We can then simply count the amount of cards in the stack:

print(len(cards_stack))

I tried it out with the example on the page and sure enough; it ran in a few milliseconds. Then I tried running it with the actual input. It took about 50 seconds. 50 seconds might not sound that bad, but it’s stunning for such a puzzle.

So why does this happen?

Big O notation

The Big O notation is a way to describe the performance of an algorithm. It gives an upper bound on the runtime of an algorithm on the size of its input. We write it like this: $\mathcal{O}(f)$ . The function $f$ is the upper bound on the runtime of the algorithm. Common Big Os are:

$\mathcal{O}(1)$ : The algorithm runs in constant time. This means that the runtime of the algorithm is independent of the size of the input.
$\mathcal{O}(n)$ : The algorithm runs in linear time. This means that the runtime of the algorithm is proportional to the size of the input. Intuitvely, one would need to look at every element in the input.

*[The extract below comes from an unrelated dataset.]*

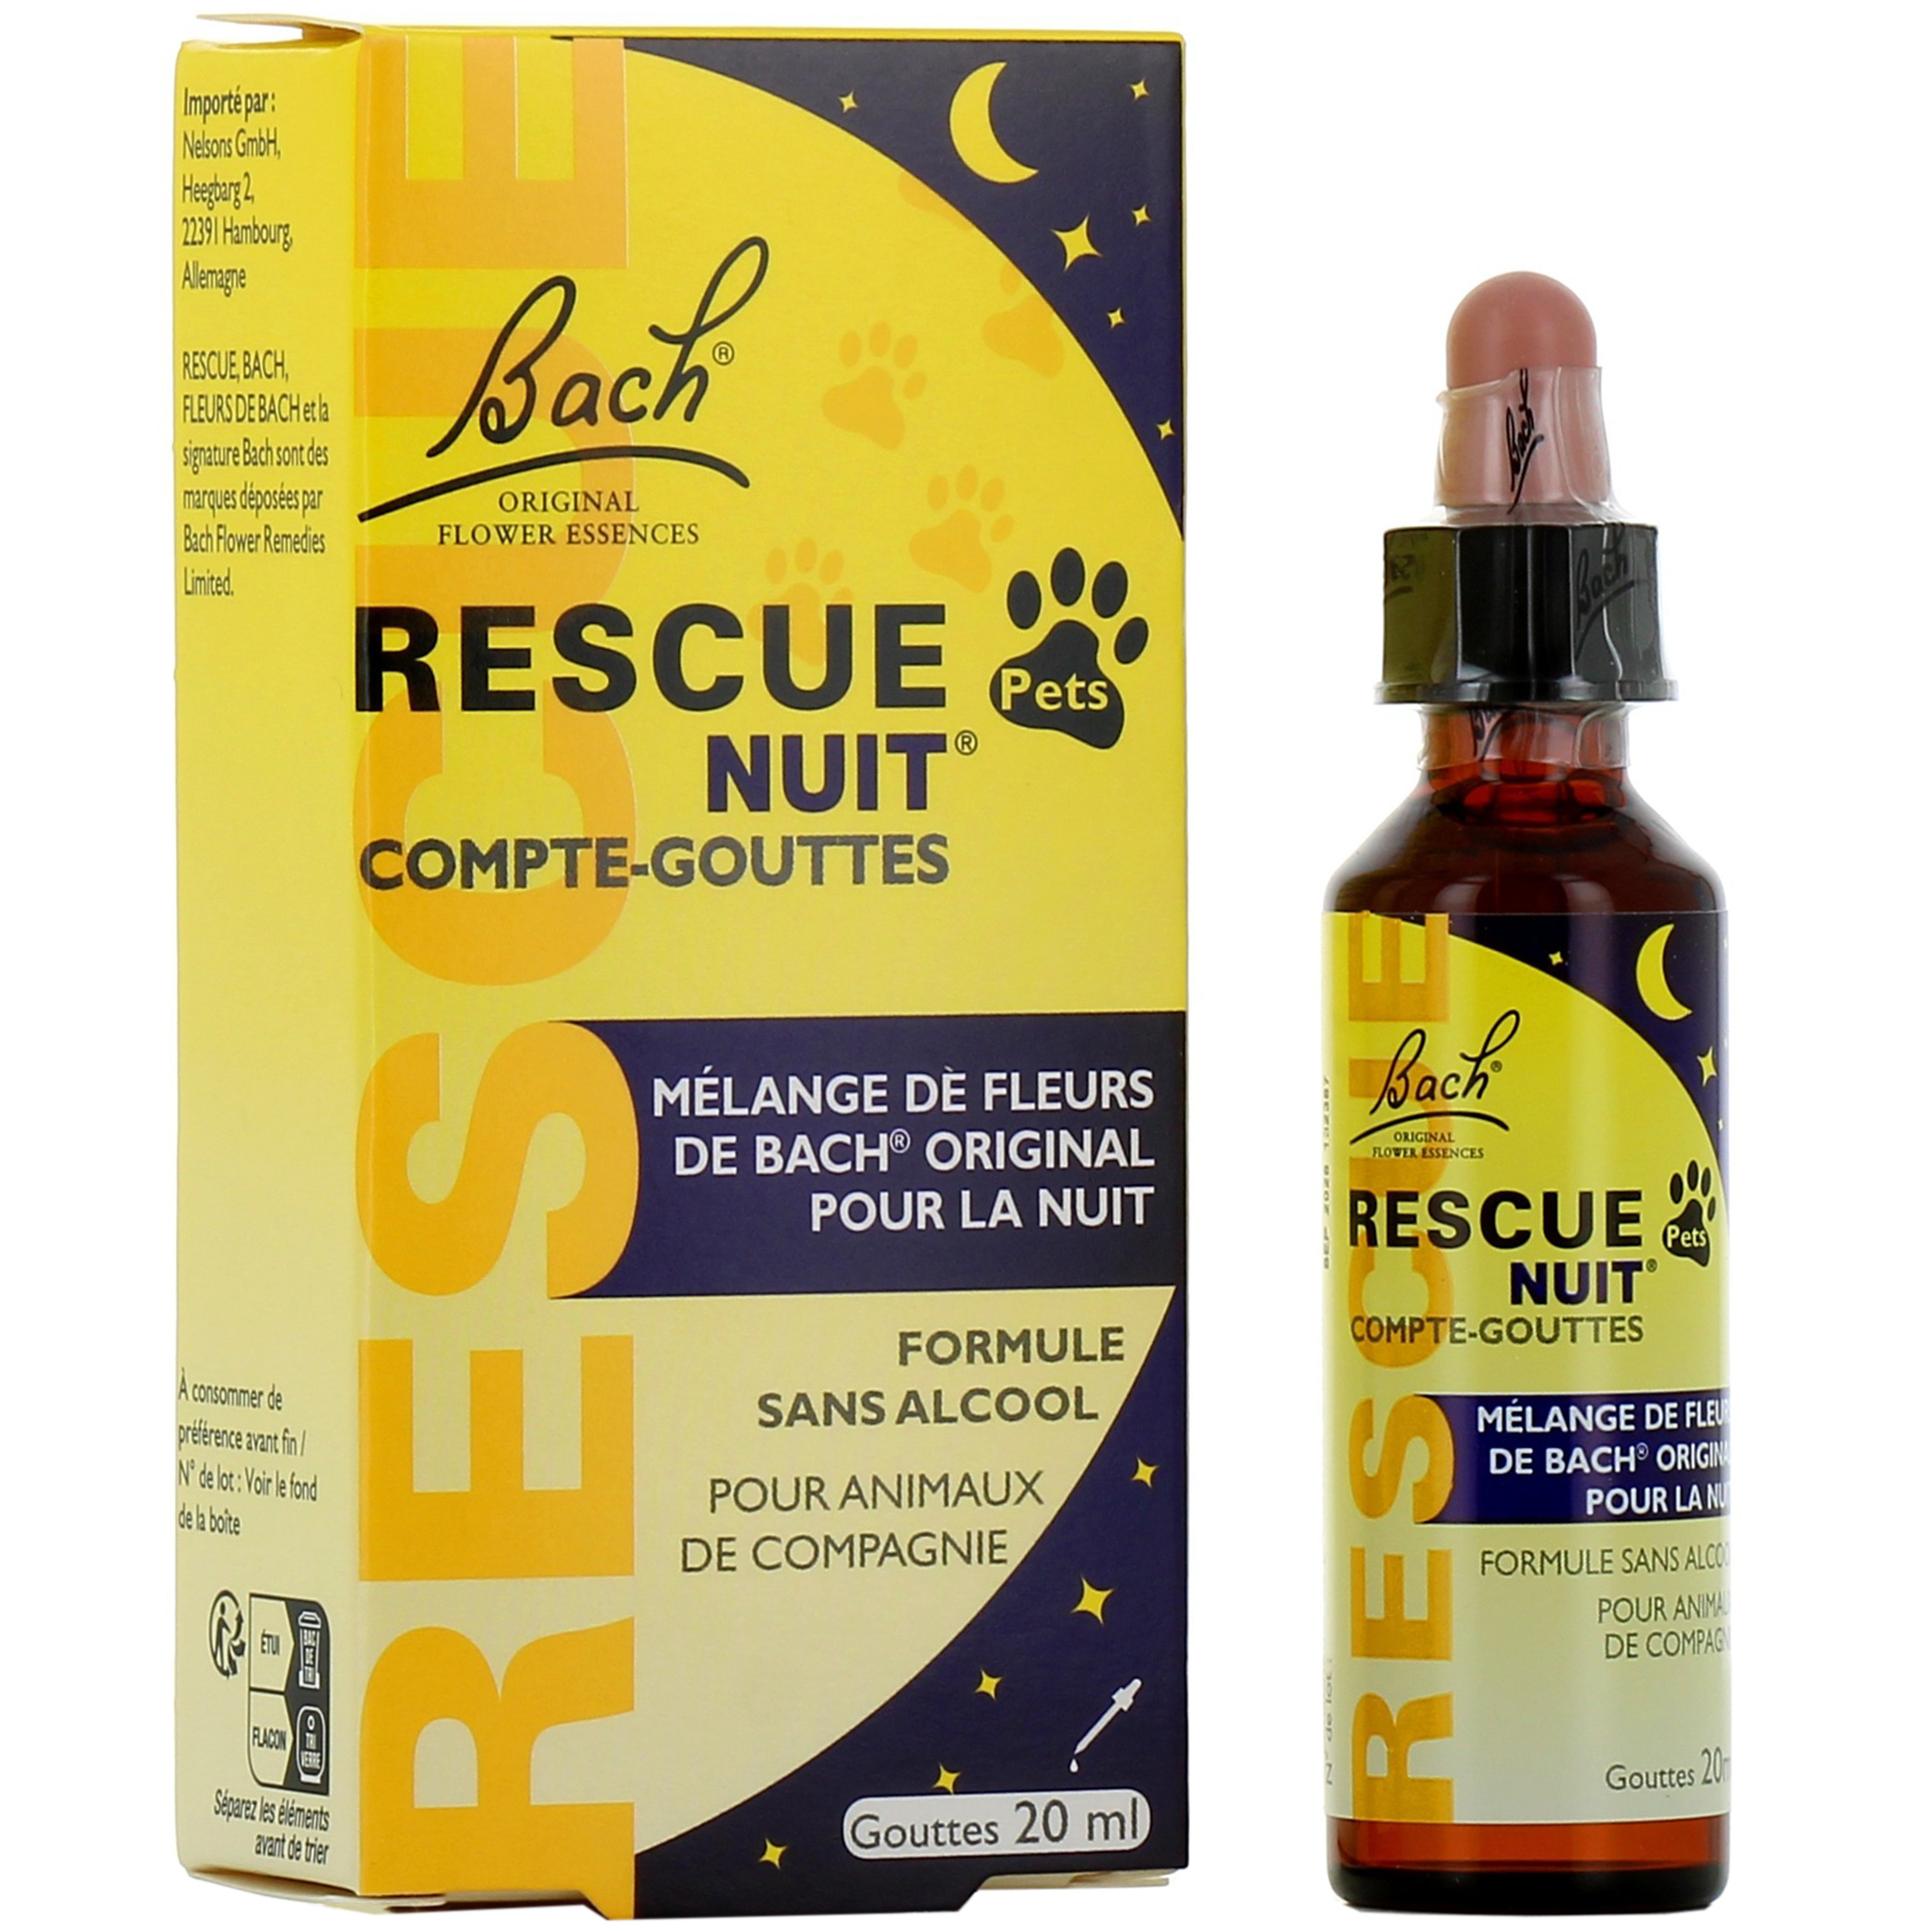 Rescue Bach Nuit Compte Gouttes 10ml

A good example is searching for an element in an (unsorted) array. You need to look at every element in the array to find the element you’re looking for.
$\mathcal{O}(n^2)$ : The algorithm runs in quadratic time. This means that the runtime of the algorithm is proportional to the square of the size of its input.

A good example is the bubble sort algorithm. It compares every element in the array with every other element in the array.
$\mathcal{O}(n \log n)$ (pronounced “n log n”): The algorithm runs in linearithmic time. This means that the runtime of the algorithm is proportional to the size of the input times the logarithm of the size of the input.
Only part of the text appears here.